The basic profile of AAC is called AAC-LC. It is widely supported in the industry and has been adopted as the default or standard audio format on products including Apple's iTunes Store, Nintendo's Wii, DSi and 3DS and Sony's PlayStation 3. It is also further supported on various other devices and software such as iPhone, iPod, PlayStation Portable and Vita, PlayStation 5, Android and older cell phones, digital audio players like Sony Walkman and SanDisk Clip, media players such as VLC, Winamp and Windows Media Player, various in-dash car audio systems, and is used on Spotify, Google Nest, Amazon Alexa. Apple Music, YouTube and also YouTube Music streaming services.
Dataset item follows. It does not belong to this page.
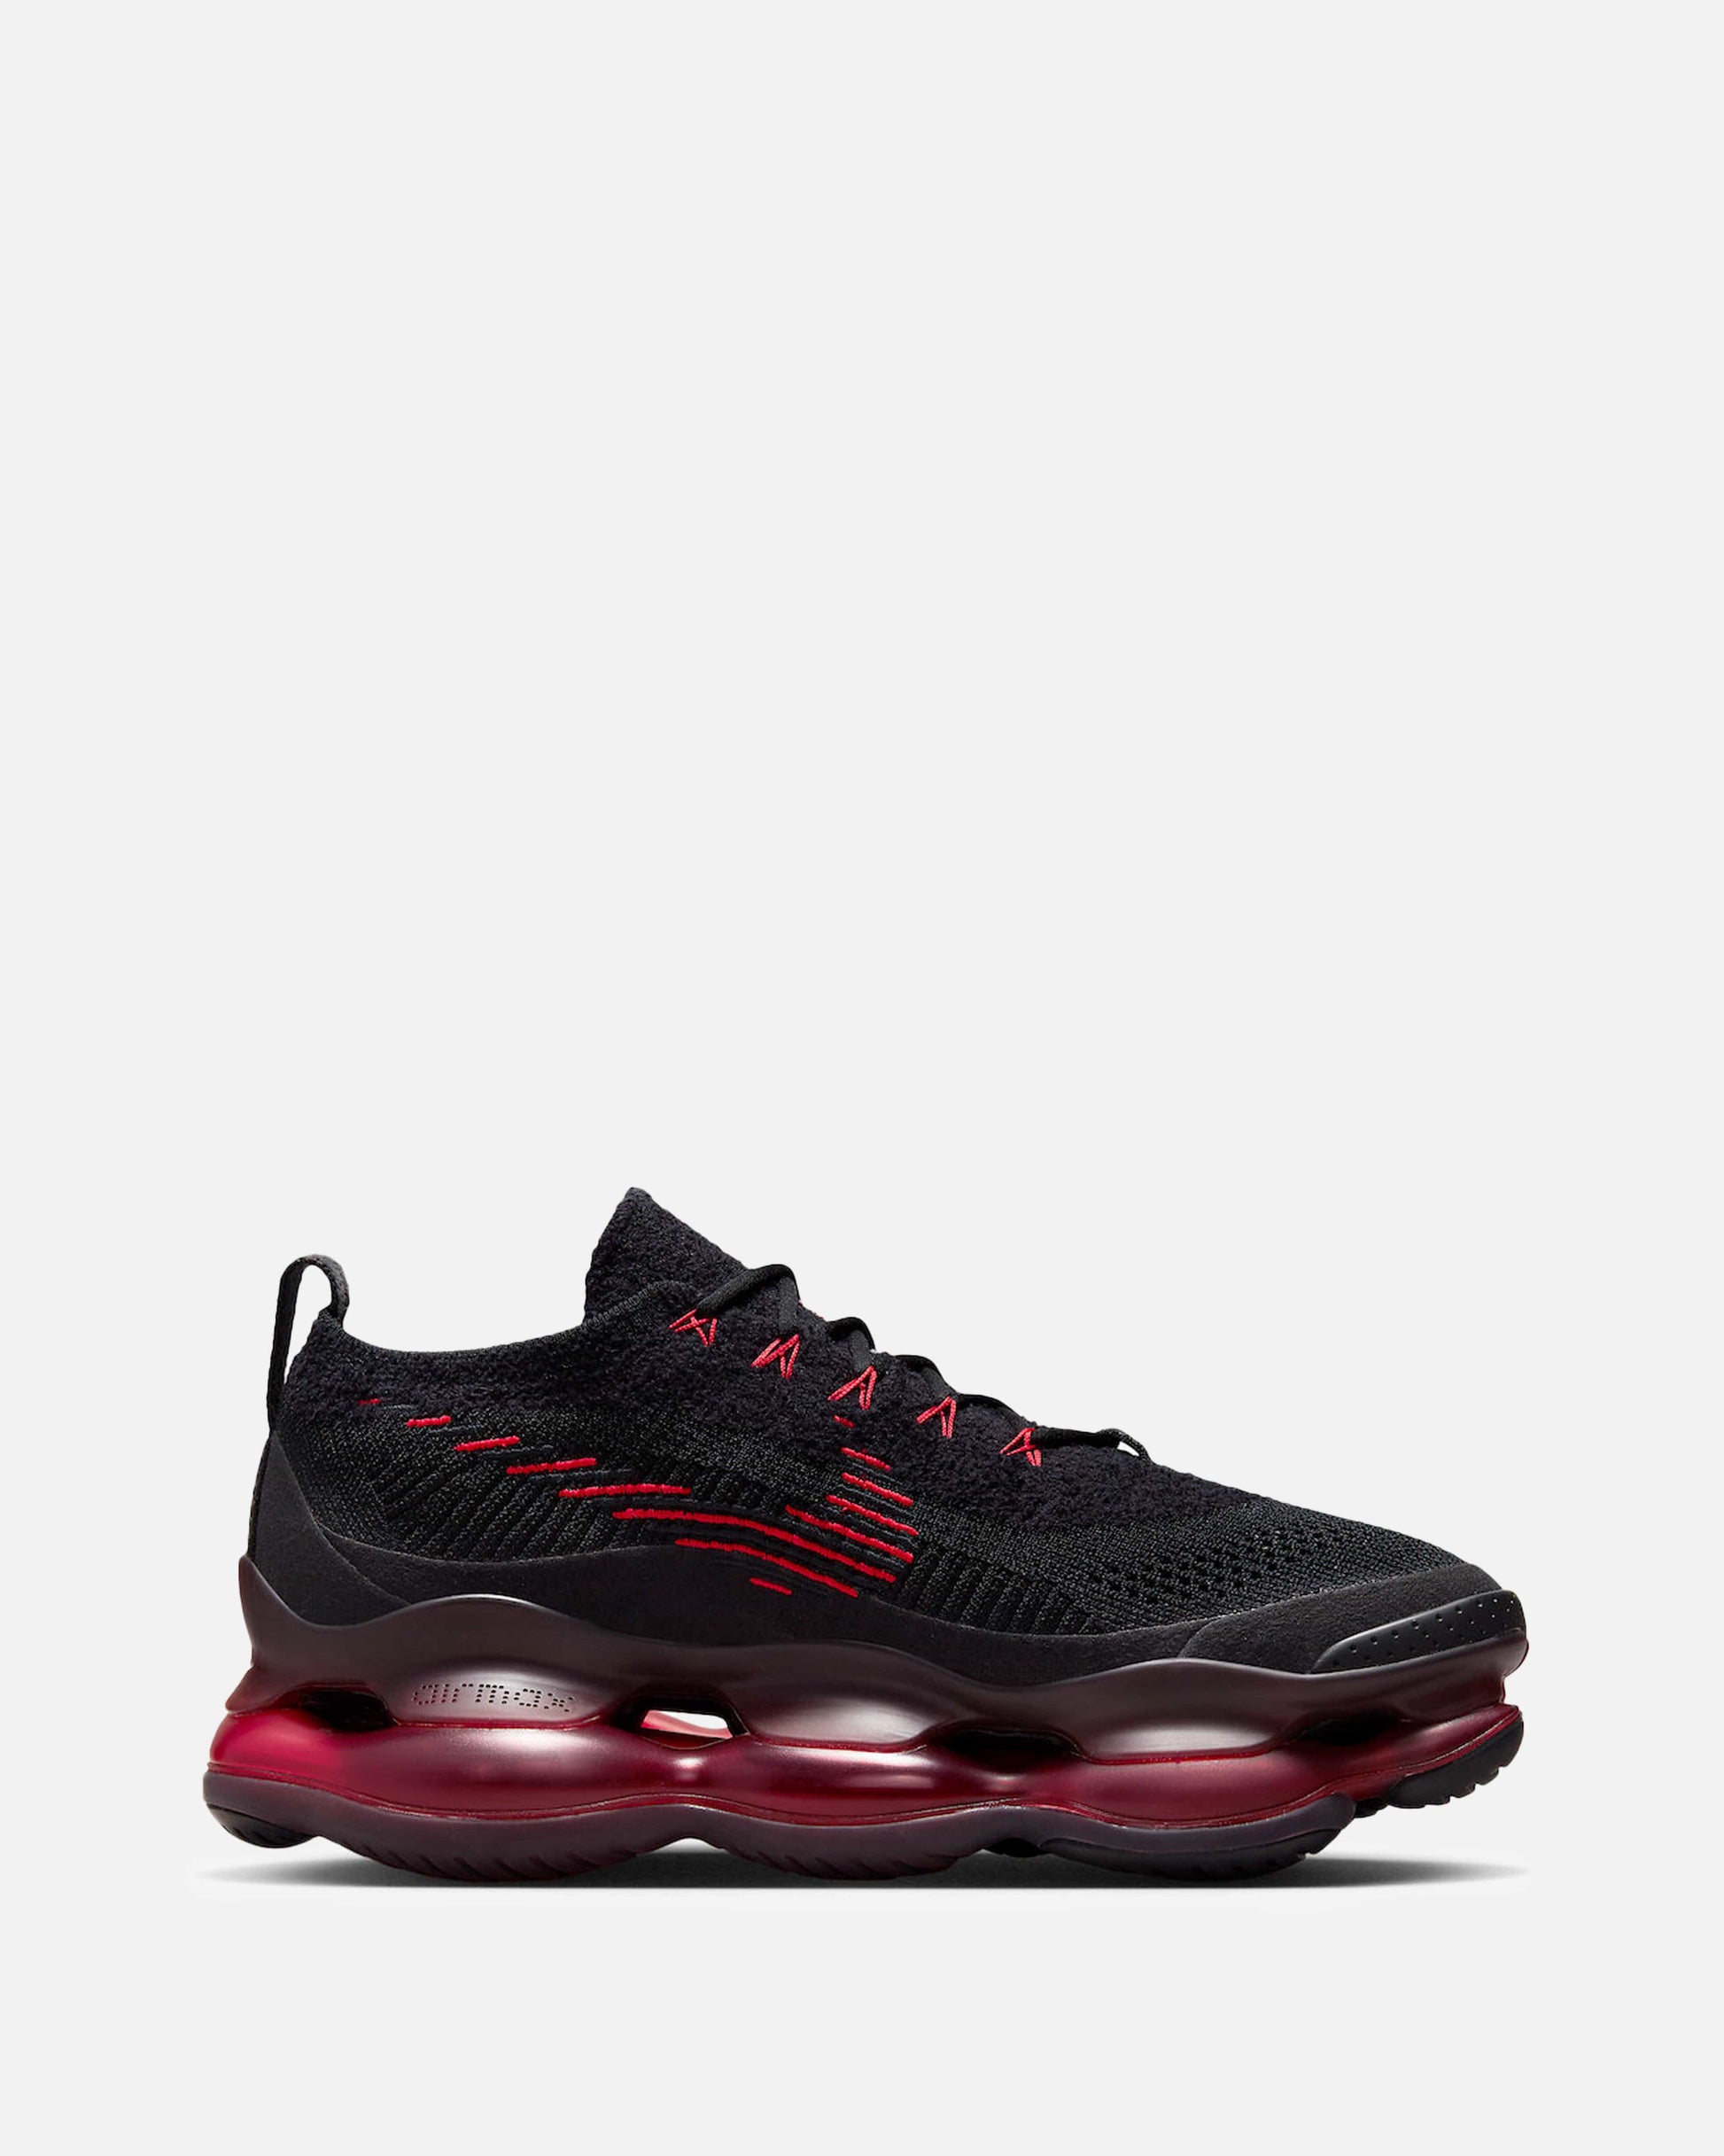 Nike Men's Sneakers Air Max Scorpion 'Black/University Red'

AAC has been further extended into HE-AAC, which improves efficiency over AAC-LC. Another variant is AAC-LD.
AAC supports inclusion of 48 full-bandwidth audio channels in one stream plus 16 low frequency effects channels, up to 16 "coupling" or dialog channels, and up to 16 data streams. The quality for stereo is satisfactory to modest requirements at 96 kbit/s in joint stereo mode; however, hi-fi transparency demands data rates of at least 128 kbit/s. Tests of MPEG-4 audio have shown that AAC meets the requirements referred to as "transparent" for the ITU at 128 kbit/s for stereo, and 384 kbit/s for 5.1 audio. AAC uses only a modified discrete cosine transform algorithm, giving it higher compression efficiency than MP3, which uses a hybrid coding algorithm that is part MDCT and part FFT.

History

Background

The discrete cosine transform, a type of transform coding for lossy compression, was proposed by Nasir Ahmed in 1972, and developed by Ahmed with T. Natarajan and K. R. Rao in 1973, publishing their results in 1974. This led to the development of the modified discrete cosine transform, proposed by J. P. Princen, A. W. Johnson and A. B. Bradley in 1987, following earlier work by Princen and Bradley in 1986. The MP3 audio coding standard introduced in 1992 used a hybrid coding algorithm that is part MDCT and part FFT. AAC uses a purely MDCT algorithm, giving it higher compression efficiency than MP3. Development further advanced when Lars Liljeryd introduced a method that radically shrank the amount of information needed to store the digitized form of a song or speech.
AAC was developed with cooperation between AT&T Labs, Dolby, Fraunhofer IIS and Sony Corporation. AAC was officially declared an international standard by the Moving Picture Experts Group in April 1997. It is specified both as Part 7 of the MPEG-2 standard, and Subpart 4 in Part 3 of the MPEG-4 standard. Further companies have contributed to development in later years including Bell Labs, LG Electronics, NEC, Nokia, Panasonic, ETRI, JVC Kenwood, Philips, Microsoft, and NTT.

Standardization

In 1997, AAC was first introduced as MPEG-2 Part 7, formally known as ISO/IEC 13818-7:1997. This part of MPEG-2 was a new part, since MPEG-2 already included MPEG-2 Part 3, formally known as ISO/IEC 13818-3: MPEG-2 BC. Therefore, MPEG-2 Part 7 is also known as MPEG-2 NBC, because it is not compatible with the MPEG-1 audio formats.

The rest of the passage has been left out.